Data shown
================

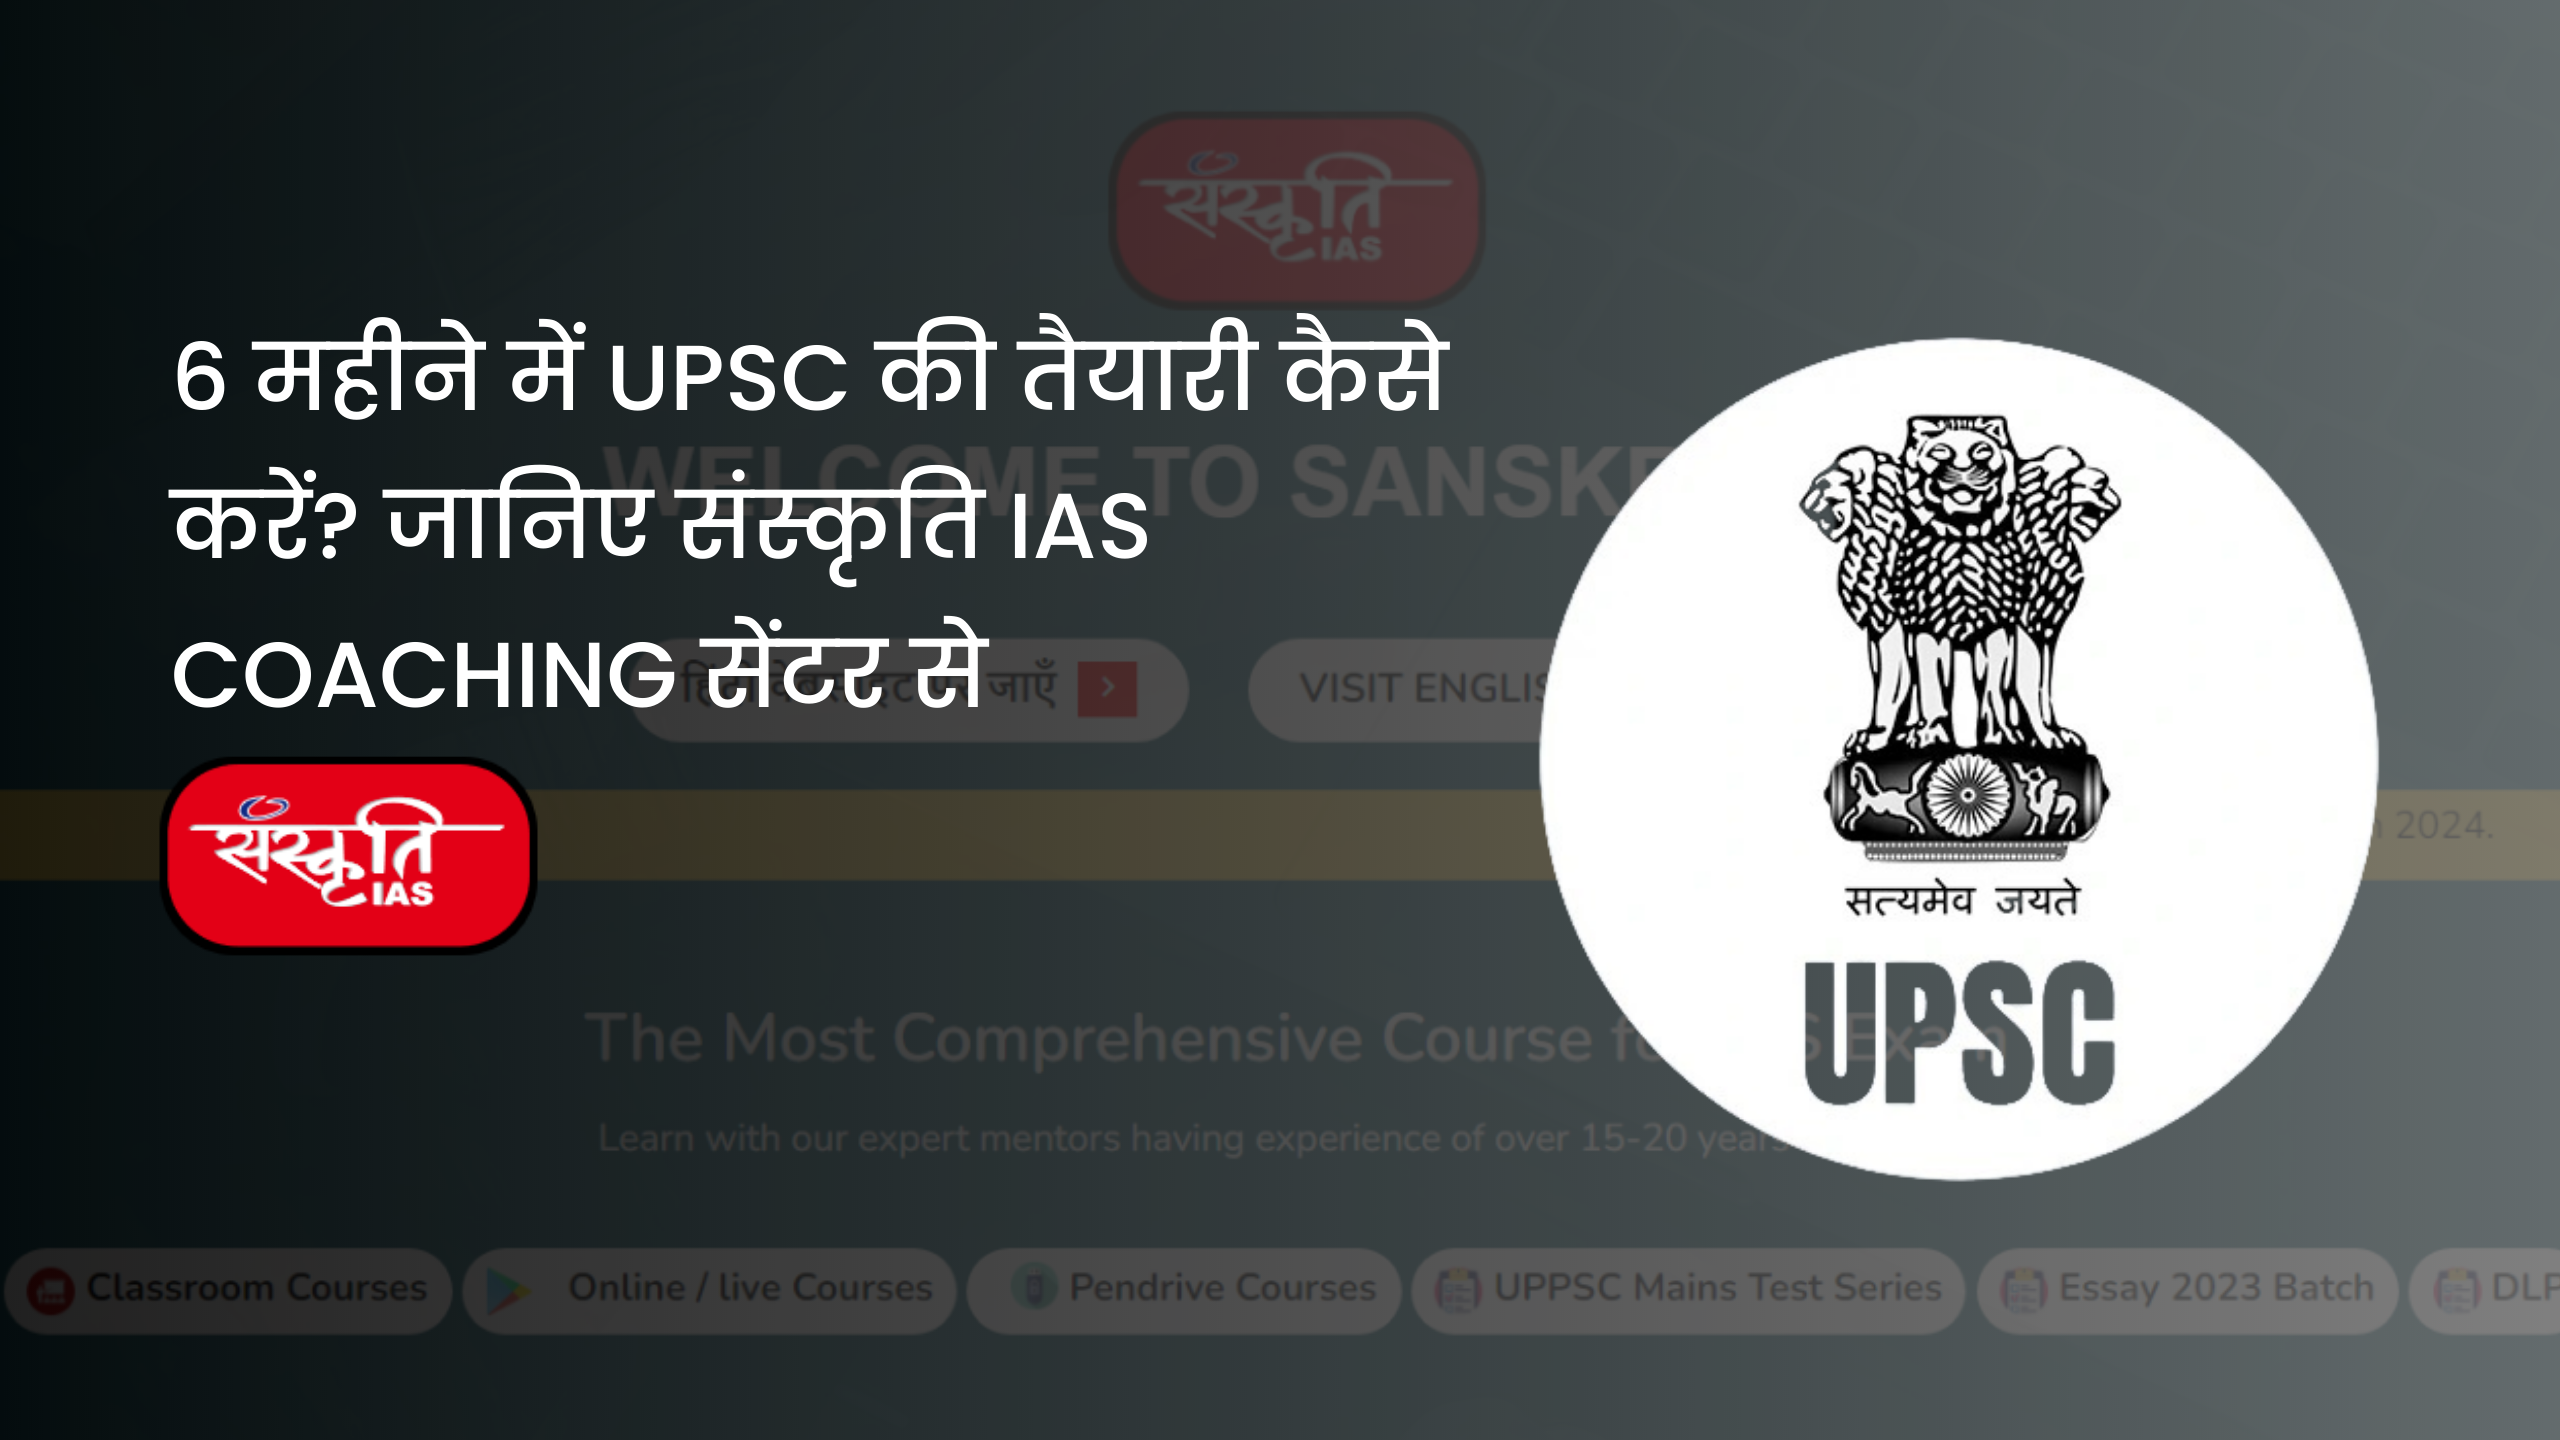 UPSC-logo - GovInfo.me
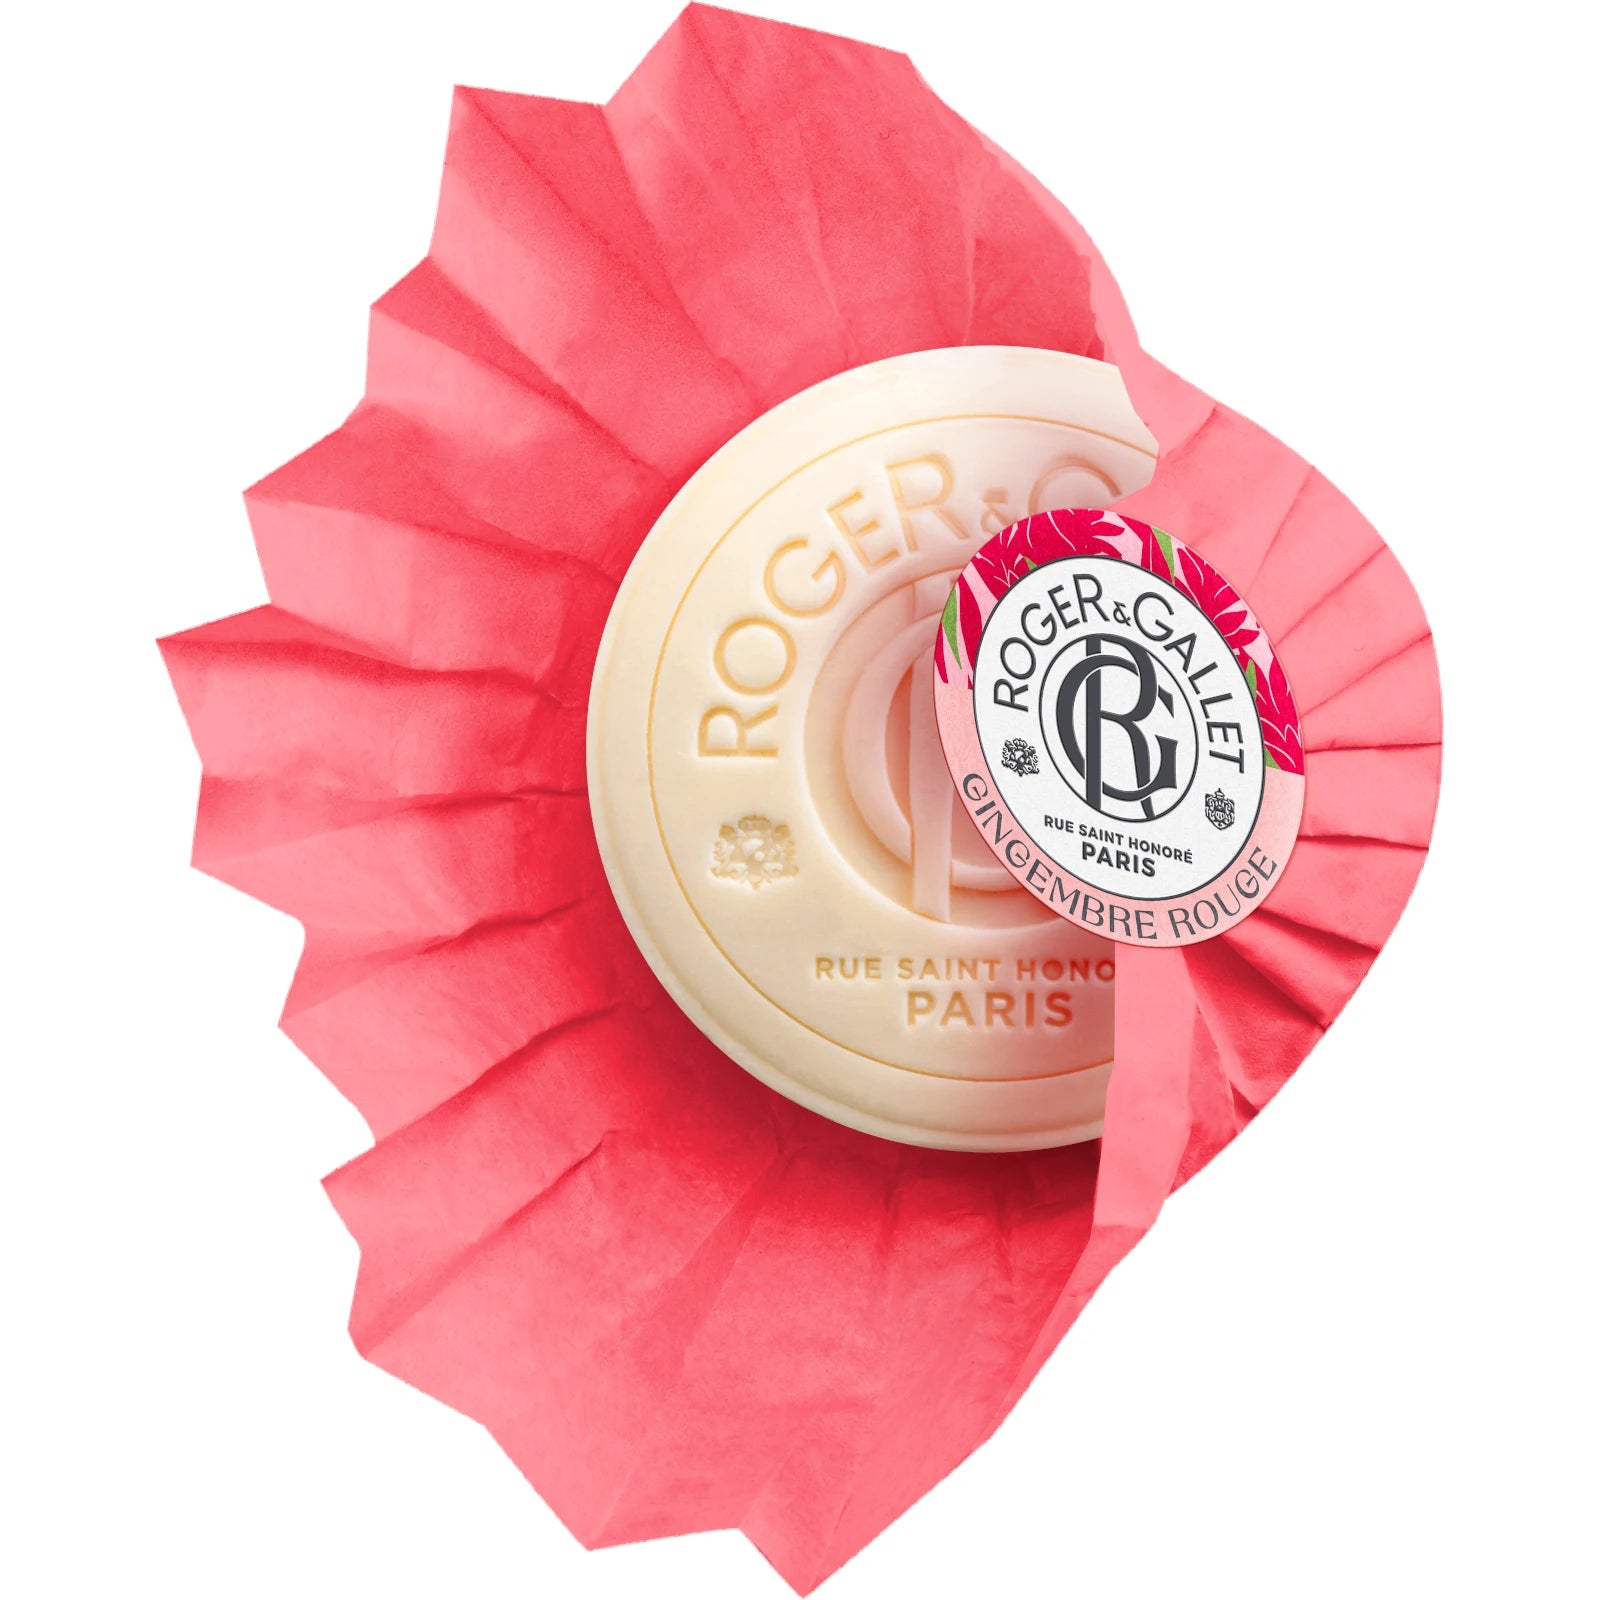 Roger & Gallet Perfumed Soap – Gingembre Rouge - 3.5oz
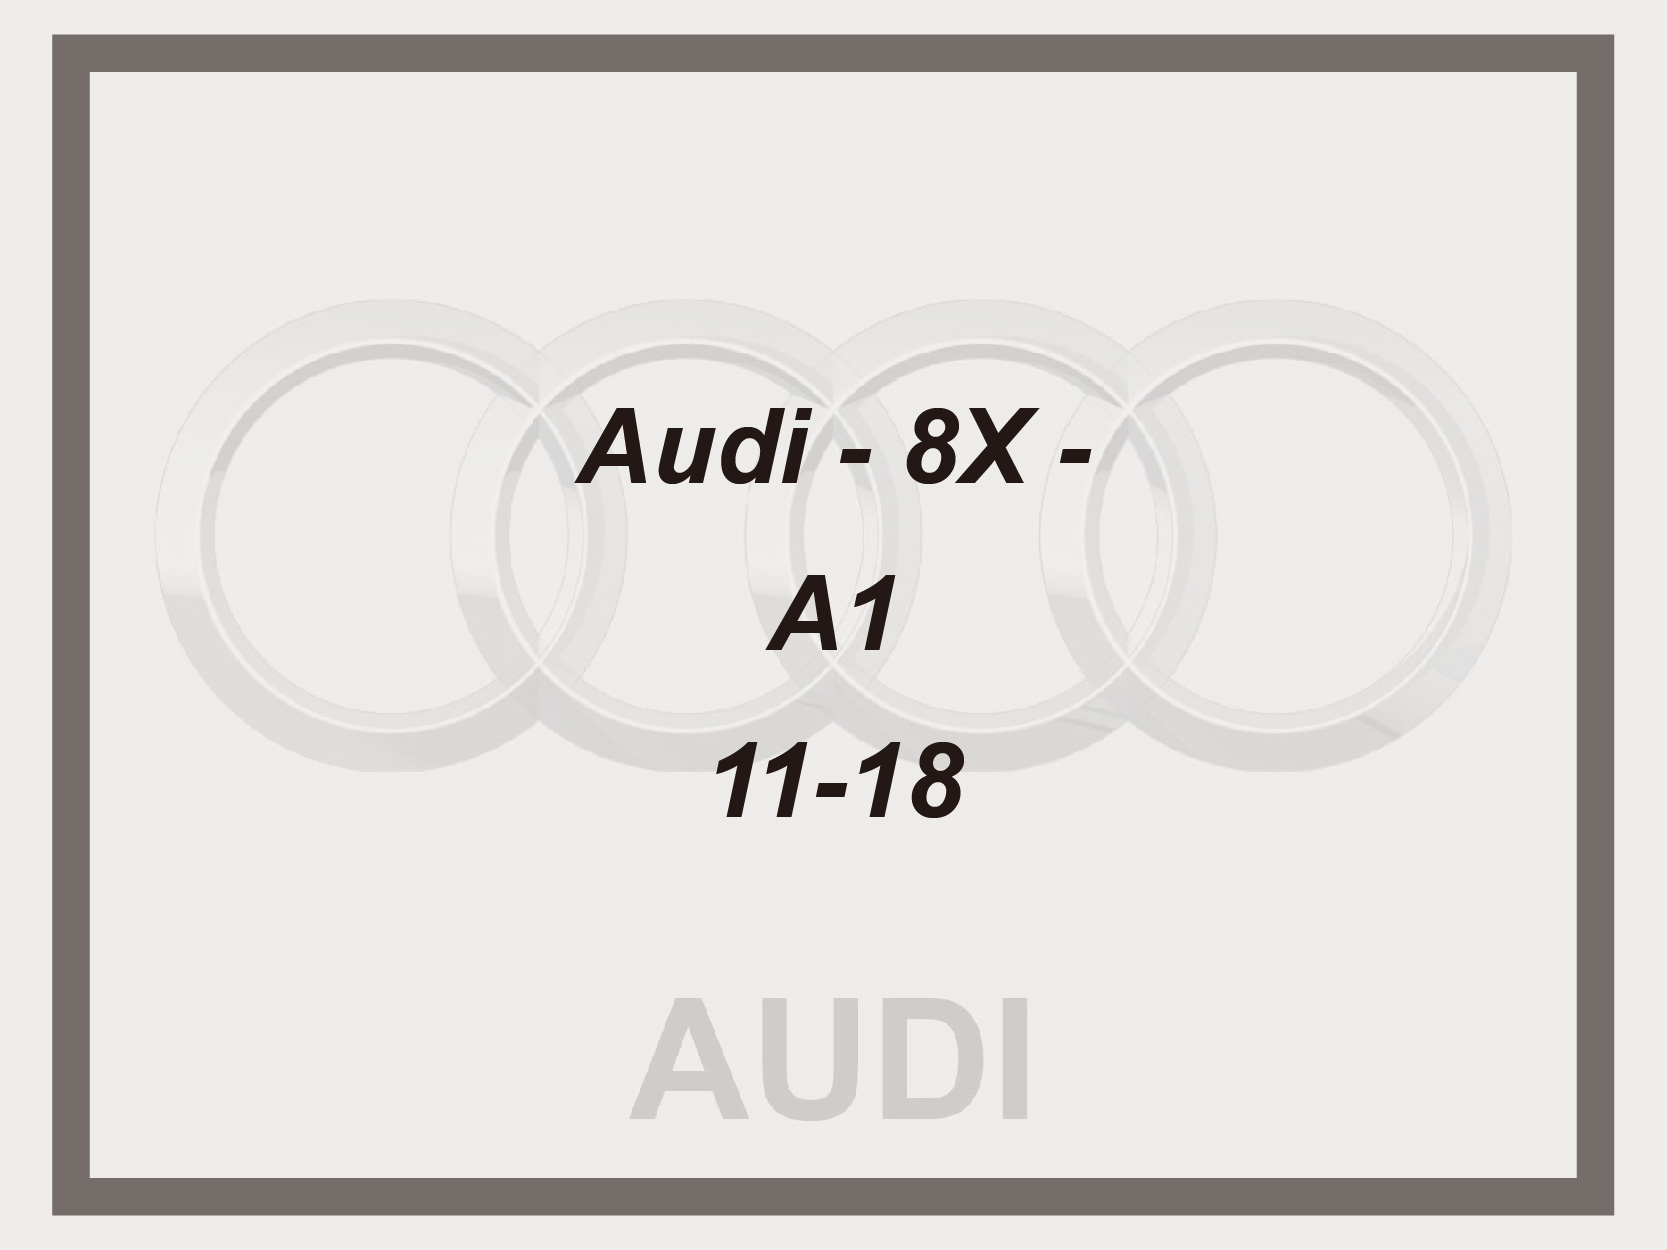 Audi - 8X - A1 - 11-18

================

Exact copy required, pictures excluded: the lines from the one holding "Roger & Gallet" through the last line of the data, both ends included.

Exercise output
 Roger & Gallet Perfumed Soap – Gingembre Rouge - 3.5oz
 Audi - 8X - A1 - 11-18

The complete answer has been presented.